Maariv’s editorial writer finds reasons for and against “the mood of jubilation among secular Israelis” at the ejection of the Shas from the government coalition. “Sharon in their eyes is Clint Eastwood, clearing out all the bad guys who had been extorting the honest citizens. In this, he succeeded where all his predecessors had failed. He has set a new standard. But, at the end of the day, governance is not gunplay. In practical terms, Sharon’s achievements are meager, to say the least. In the security sphere, we sustained hundreds of fatal casualties before Operation Rampart, which helped reduce terror but did not eliminate it. In the diplomatic sphere, we are stuck with the same Palestinian leader, Yasser Arafat. And in the economic sphere, we have sunk into an unprecedented economic crisis.”
On Maariv’s opinion pages, Yael Paz-Melamed assumes that Shas will find its way back into the government, but she says the ultra-Orthodox party will never be the same. “They wanted too much and they lost out big time. The general public is fed up with their greed and extortion, and even if they still have many supporters, the myth of Shas’ invincibility has been shattered. They are through with threatening everyone in power. From now on, they can only bark; no one fears their bite. When the tap is turned away, they are like Samson shorn of his locks.”
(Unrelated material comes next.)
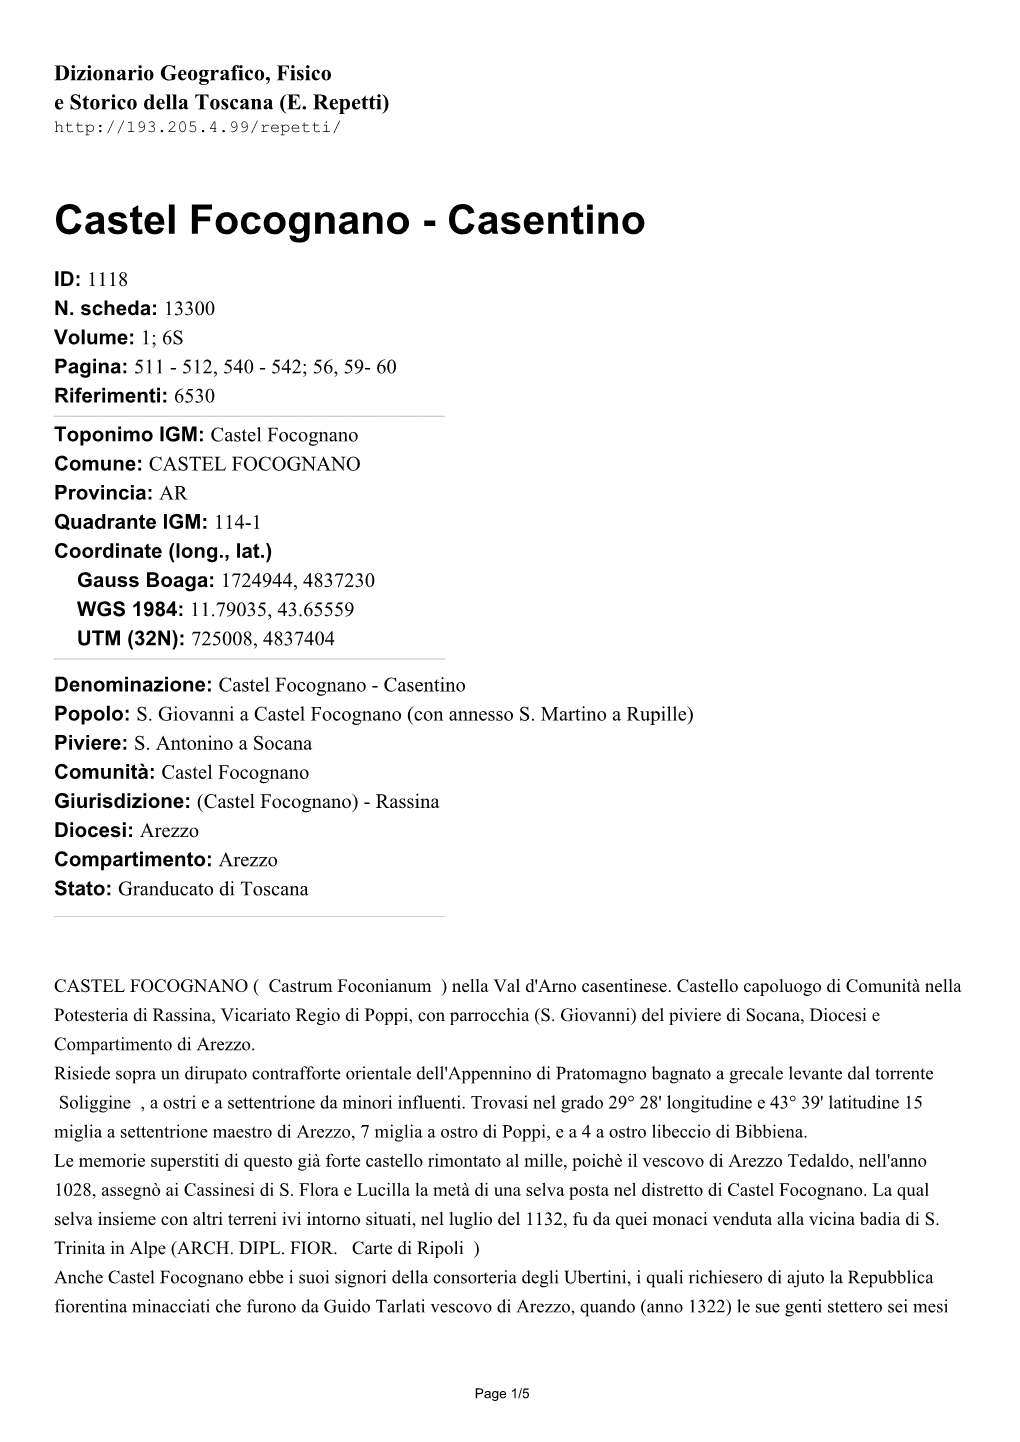 Castel Focognano - Casentino

On Yediot Ahronot’s opinion page, Guy Bichor takes up the issue of what he calls the “back-door right of return,” by which about 100,000 Palestinians and Jordanians have become Israeli citizens through family reunions or marriages since the 1993 Oslo Accords.
“In this period,” Bichor writes, “we paid these Palestinian families 3.3 billion shekels ($675 million) in child allowances. Last week, the Interior Ministry announced the total freezing of the family unification process. Less than an hour went by and the Civil Rights Association appealed to the High Court of Justice. Again the Association showed how it adheres blindly to a liberal fundamentalism and sees civil rights in absolute, automatic terms, without taking into account questions of demography, security, religion, history and collective future.”
Bichor maintains that the Knesset could put an end to this “crawling return” by making a simple amendment to the law of citizenship, “to deny Israeli citizenship to citizens of Arab countries or the Palestinian territories. That would immediately stop the phenomenon of ‘marriages for blue (Israeli) ID cards’ as it is dubbed in Ramallah, Gaza and Amman.
“But somehow, I have the feeling that the Association for Civil Rights would immediately appeal to the High Court against this legislation too.”